By Jill Draper
While lawmakers continue to debate how schools should be allowed to teach Black history and racial bias, many people in the metro area are educating themselves. A year-long exhibit, “Redlined,” at the Johnson County Museum in Overland Park was the most popular exhibit in recent years, according to museum director Mary McMurray, who calls the community response “astounding.”
Redlining was the practice of color-coding maps used by the Federal Housing Administration to deny mortgages and insurance loans to minorities, especially Blacks, in neighborhoods throughout the nation. This began in the 1930s, but realtors already had created restrictive covenants that limited the sale of certain properties to the Caucasian race years before.
Readers will be familiar with many of the local neighborhoods that restricted Blacks and sometimes Jews, Latinos and other ethnic groups: Overland Park, Prairie Village, Mission Hills and Roeland Park are just a few of hundreds. These restrictions covered both sides of the state line and extended into south Kansas City in places like Brookside, Leawood and Waldo.
Karol O’Brien lives in the same house she grew up in, located in Waldo’s Brownwood Park neighborhood, which stretches from 71st to 73rd streets and Troost to Holmes Road. Her home’s paperwork prohibited selling or leasing the property to any person of African descent in a 1929 declaration.
“I remember the ‘White Flight’ in the 1950s and real estate agents trying to get us to move south, but mom and dad stayed,” says O’Brien.
Leawood resident Dave Leathers remembers his father, journalist Tom Leathers, writing about similar deed restrictions in the 1960s-1970s in The Leawood Squire. At that time Bobby Bell, linebacker and defensive end for the Kansas City Chiefs, was trying to buy a house in the community. His offers were rejected some 100 times before he found a builder who sold him property near 95th Street and Mission. Leathers received death threats for publishing his stories and Bell, a member of the Pro Football Hall of Fame, was stopped daily by police for a while.

The museum exhibit closed in January, but a 73-page book describing the display is still available as well as a free, narrated auto tour that takes the driver on a local journey through the history of segregation.
Sponsored by the Johnson County Library, the tour begins in Prairie Village and crosses into Brookside before heading north to the Plaza and looping around downtown, ending in the Ivanhoe neighborhood east of Troost. There’s also a virtual tour that can be viewed in three 30-minute videos (find details about both tours at jocolibrary.org/dividinglines).
Realtors played a gatekeeper role in promoting segregation, argues Gene Slater, author of the 2021 book, “Freedom to Discriminate: How Realtors Conspired to Segregate Housing and Divide America.” He spoke online with the “Redlined” exhibit’s curator Andrew Gustafson last year.
“By the 1960s Blacks remained totally excluded from 98% of new homes and 95% of all neighborhoods,” says Slater, who notes that realtors and federal officials created a self-fulfilling prophecy when they claimed Blacks would drive down property values regardless of whether they could afford the property.

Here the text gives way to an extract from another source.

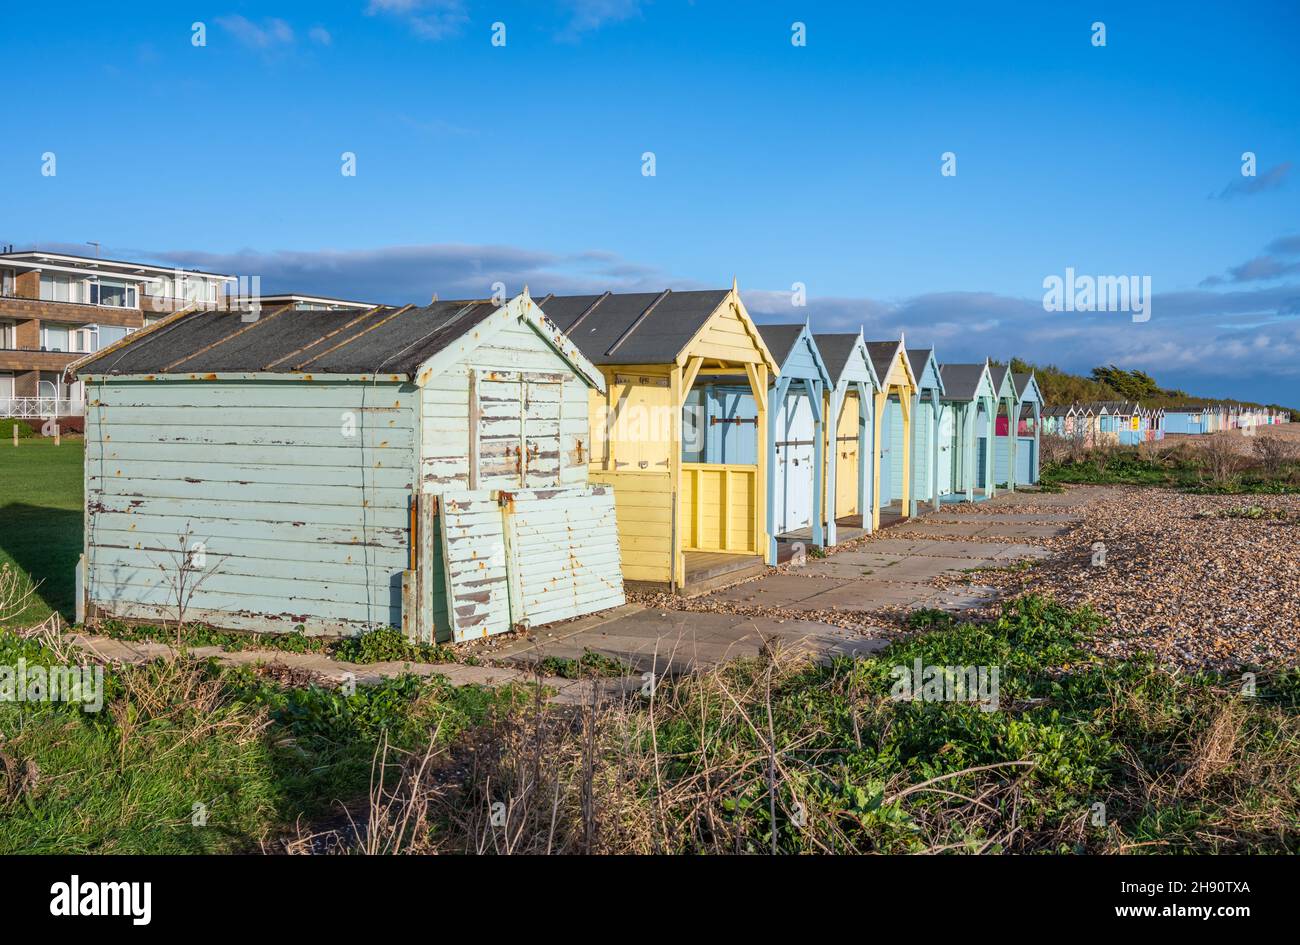 Colourful wooden beach huts on the seafront on the shingle beach along the South Coast coastline in Rustington, West Sussex, England, UK. Stock Photo

The “Redlined” exhibit also talks about the influence of J.C. Nichols, who developed Country Club Plaza and other areas, including Red Bridge Shopping Center and surrounding neighborhoods. He pioneered the idea of a homes association which contained racial restrictions not just for a single property, but for whole subdivisions. While that practice was outlawed by the 1968 federal Fair Housing Act, the system continued through the reorganization of school boundaries, according to the exhibit.
“It’s very sad and pathetic, but up until 1968 it was against our code of ethics to help people of color find a home,” says Bobbi Howe, former president of the 12,000-member Kansas City Regional Association of Realtors in Leawood. The association offers a course on fair housing, and last fall it became mandatory for new member orientation. “We decided it was an important enough topic that everyone needed to be trained on it,” Howe says.
Last spring Howe was honored by the National Association of Realtors for her work as a speaker and podcast host in spreading the word about systemic racism in real estate and advocating for fair housing. The honor came with a $4,000 prize for a housing-related nonprofit of her choice, and Howe selected the Veterans Community Project, the tiny house organization that helps homeless veterans at 89th and Troost Avenue in south KC.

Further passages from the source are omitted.